JSR 153 - Major changes:

• Web service support (new): stateless session beans can be invoked over SOAP/HTTP. Also, an EJB can easily access a Web service using the new service reference.
• EJB timer service (new): Event-based mechanism for invoking EJBs at specific times.
• Message-driven beans accepts messages from sources other than JMS.
• Message destinations (the same idea as EJB references, resource references, etc.) has been added.
• EJB query language (EJB-QL) additions: ORDER BY, AVG, MIN, MAX, SUM, COUNT, and MOD.
• XML schema is used to specify deployment descriptors, replaces DTDs

EJB 2.0, final release (2001-08-22)

JSR 19 - Major changes: Overall goals:

• The standard component architecture for building distributed object-oriented business applications in Java.
• Make it possible to build distributed applications by combining components developed using tools from different vendors.
• Make it easy to write (enterprise) applications: Application developers will not have to understand low-level transaction and state management details, multi-threading, connection pooling, and other complex low-level APIs.
• Will follow the "Write Once, Run Anywhere" philosophy of Java. An enterprise Bean can be developed once, and then deployed on multiple platforms without recompilation or source code modification.
• Address the development, deployment, and runtime aspects of an enterprise application’s life cycle.
• Define the contracts that enable tools from multiple vendors to develop and deploy components that can interoperate at runtime.
• Be compatible with existing server platforms. Vendors will be able to extend their existing products to support EJBs.
• Be compatible with other Java APIs.
• Provide interoperability between enterprise Beans and Java EE components as well as non-Java programming language applications.
• Be compatible with the CORBA protocols (RMI-IIOP).

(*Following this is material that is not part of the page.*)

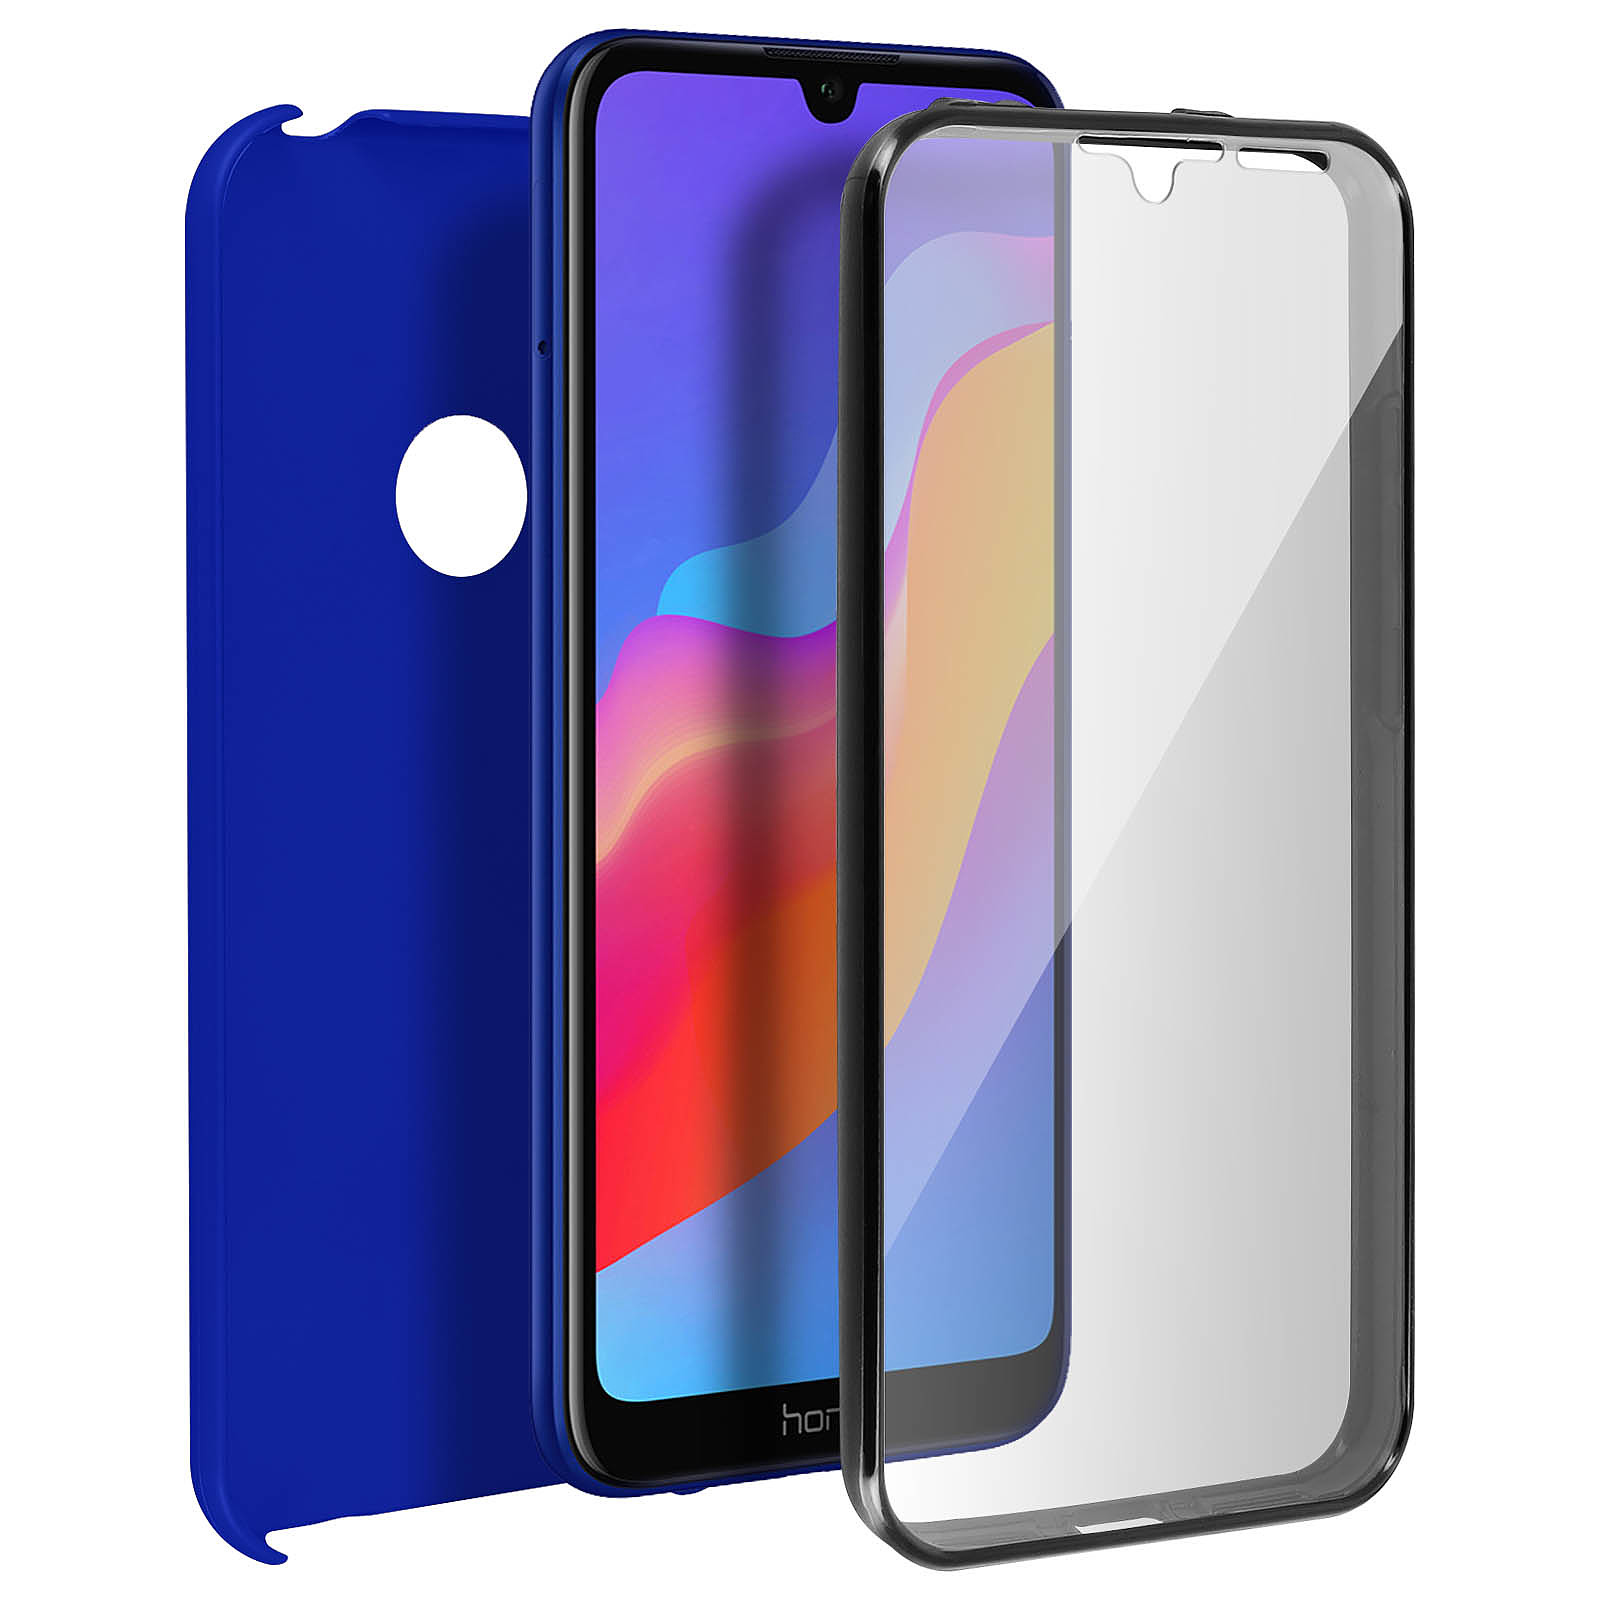 Avizar Coque Bleu pour Honor 8A , Huawei Y6 2019 , Huawei Y6S

EJB 1.1, final release (1999-12-17)

Major changes:

• XML deployment descriptors
• Default JNDI contexts
• RMI over IIOP
• Security - role driven, not method driven
• Entity Bean support - mandatory, not optional

Goals for Release 1.1:

• Provide better support for application assembly and deployment.
• Specify in greater detail the responsibilities of the individual EJB roles.

EJB 1.0 (1998-03-24)

Announced at JavaOne 1998,^[42] Sun's third Java developers conference (March 24 through 27) Goals for Release 1.0:

• Defined the distinct "EJB Roles" that are assumed by the component architecture.
• Defined the client view of enterprise Beans.
• Defined the enterprise Bean developer’s view.
• Defined the responsibilities of an EJB Container provider and server provider; together these make up a system that supports the deployment and execution of enterprise Beans.